DIRECTIONS FOR THIS TASK
Take every line from the listing below that contains "Town".

RAW DATA
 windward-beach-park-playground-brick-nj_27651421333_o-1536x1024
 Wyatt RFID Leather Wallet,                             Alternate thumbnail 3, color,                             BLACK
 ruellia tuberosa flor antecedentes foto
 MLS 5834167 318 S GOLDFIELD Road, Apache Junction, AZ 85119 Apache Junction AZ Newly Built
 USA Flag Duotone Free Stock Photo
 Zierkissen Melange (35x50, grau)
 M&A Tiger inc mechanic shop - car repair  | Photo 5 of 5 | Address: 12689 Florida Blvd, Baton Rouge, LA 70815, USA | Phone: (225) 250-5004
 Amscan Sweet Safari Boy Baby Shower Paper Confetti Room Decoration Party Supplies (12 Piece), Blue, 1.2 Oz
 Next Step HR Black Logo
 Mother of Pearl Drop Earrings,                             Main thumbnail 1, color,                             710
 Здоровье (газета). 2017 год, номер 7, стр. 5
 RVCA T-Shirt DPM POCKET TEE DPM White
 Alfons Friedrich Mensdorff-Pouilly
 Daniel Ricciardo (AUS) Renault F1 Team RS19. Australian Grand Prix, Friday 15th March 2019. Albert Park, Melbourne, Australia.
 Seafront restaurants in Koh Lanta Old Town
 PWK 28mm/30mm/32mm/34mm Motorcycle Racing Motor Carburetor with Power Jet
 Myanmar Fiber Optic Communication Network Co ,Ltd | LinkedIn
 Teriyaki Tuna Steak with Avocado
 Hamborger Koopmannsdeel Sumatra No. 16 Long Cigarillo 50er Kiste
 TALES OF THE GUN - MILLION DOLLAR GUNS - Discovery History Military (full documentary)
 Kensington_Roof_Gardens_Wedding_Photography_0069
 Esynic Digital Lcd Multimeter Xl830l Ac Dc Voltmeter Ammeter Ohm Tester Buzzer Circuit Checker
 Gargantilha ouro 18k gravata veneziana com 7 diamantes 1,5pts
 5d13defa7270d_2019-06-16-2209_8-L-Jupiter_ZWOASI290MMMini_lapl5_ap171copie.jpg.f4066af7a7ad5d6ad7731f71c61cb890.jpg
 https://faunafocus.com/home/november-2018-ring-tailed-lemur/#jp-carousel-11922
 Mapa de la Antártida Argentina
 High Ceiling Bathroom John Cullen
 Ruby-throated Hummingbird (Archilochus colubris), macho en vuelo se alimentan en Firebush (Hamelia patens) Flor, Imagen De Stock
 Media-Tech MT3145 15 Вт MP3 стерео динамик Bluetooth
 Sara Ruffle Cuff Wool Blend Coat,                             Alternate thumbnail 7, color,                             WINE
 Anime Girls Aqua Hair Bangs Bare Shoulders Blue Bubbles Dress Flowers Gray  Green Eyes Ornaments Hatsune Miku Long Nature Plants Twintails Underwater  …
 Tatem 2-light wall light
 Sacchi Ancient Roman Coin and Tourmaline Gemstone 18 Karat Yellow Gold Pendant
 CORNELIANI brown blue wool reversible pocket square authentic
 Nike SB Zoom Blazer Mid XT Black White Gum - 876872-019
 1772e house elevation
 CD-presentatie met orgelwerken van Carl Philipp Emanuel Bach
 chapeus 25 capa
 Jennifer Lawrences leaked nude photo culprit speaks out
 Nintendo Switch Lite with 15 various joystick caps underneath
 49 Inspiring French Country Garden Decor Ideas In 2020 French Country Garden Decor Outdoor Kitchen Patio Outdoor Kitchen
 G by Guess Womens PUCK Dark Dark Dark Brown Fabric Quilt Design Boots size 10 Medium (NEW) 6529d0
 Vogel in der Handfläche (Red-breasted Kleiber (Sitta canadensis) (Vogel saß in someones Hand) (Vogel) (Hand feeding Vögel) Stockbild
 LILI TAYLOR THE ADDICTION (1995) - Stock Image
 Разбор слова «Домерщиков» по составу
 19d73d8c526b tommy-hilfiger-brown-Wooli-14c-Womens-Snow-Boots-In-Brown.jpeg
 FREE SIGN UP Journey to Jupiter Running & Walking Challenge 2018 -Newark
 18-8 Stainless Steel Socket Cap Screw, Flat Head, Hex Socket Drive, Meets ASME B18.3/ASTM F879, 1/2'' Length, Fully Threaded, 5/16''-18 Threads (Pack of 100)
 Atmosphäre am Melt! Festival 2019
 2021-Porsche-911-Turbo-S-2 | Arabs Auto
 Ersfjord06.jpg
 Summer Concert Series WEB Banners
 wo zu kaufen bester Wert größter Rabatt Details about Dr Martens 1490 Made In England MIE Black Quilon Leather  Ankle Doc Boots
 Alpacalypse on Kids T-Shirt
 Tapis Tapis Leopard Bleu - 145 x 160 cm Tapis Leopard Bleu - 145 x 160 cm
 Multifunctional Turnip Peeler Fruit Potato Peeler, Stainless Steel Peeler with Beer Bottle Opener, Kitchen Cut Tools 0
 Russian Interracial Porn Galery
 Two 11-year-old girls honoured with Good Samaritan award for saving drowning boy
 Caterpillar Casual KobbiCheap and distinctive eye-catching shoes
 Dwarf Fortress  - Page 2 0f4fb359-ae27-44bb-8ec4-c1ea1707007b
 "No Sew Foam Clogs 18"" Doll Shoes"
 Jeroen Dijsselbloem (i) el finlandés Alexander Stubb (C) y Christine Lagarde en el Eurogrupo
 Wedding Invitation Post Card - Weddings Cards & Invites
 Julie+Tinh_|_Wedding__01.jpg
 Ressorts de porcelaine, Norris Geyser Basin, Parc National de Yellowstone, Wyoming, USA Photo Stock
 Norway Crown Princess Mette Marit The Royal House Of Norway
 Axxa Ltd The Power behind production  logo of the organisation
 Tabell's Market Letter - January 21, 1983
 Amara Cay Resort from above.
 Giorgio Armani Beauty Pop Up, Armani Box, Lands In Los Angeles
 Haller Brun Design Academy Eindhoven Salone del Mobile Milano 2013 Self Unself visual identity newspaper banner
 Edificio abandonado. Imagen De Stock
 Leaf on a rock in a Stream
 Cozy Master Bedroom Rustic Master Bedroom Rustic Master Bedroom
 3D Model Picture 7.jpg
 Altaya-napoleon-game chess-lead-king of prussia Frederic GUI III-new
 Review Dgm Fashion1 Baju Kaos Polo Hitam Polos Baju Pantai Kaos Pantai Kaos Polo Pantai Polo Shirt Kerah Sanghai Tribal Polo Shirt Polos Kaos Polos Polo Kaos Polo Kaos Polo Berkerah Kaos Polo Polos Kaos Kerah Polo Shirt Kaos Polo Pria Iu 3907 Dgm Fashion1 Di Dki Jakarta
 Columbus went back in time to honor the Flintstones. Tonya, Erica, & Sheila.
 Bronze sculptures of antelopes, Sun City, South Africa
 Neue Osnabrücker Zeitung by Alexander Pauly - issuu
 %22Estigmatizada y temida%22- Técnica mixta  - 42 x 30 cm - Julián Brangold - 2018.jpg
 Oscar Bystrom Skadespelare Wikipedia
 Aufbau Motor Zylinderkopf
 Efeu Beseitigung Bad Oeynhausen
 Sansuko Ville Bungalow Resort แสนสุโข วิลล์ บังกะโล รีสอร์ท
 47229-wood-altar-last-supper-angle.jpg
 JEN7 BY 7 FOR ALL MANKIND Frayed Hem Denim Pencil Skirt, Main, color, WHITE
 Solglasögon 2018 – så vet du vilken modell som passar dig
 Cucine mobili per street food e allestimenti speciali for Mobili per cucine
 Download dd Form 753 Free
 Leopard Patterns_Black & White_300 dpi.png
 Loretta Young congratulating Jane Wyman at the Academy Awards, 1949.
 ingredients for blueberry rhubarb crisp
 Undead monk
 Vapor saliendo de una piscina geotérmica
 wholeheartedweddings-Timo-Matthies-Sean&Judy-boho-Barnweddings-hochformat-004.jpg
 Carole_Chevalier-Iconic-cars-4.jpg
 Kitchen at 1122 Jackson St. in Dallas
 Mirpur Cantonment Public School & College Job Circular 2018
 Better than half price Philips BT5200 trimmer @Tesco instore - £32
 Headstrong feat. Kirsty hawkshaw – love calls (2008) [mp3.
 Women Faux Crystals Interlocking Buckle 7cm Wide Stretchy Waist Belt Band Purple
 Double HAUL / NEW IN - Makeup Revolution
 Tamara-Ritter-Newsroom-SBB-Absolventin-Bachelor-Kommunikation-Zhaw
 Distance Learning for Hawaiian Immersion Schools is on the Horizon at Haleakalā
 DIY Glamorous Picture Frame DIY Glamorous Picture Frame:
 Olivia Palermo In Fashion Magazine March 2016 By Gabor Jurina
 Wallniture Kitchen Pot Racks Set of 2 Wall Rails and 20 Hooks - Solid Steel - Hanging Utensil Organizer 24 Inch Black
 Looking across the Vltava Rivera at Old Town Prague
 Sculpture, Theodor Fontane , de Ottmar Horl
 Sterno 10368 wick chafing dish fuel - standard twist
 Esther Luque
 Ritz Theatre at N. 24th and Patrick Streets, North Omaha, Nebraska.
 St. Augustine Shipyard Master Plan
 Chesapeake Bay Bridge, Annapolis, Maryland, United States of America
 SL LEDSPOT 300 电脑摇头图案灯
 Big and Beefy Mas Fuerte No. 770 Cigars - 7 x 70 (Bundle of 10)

SOLUTION FOR THIS PROBLEM
 Seafront restaurants in Koh Lanta Old Town
 Looking across the Vltava Rivera at Old Town Prague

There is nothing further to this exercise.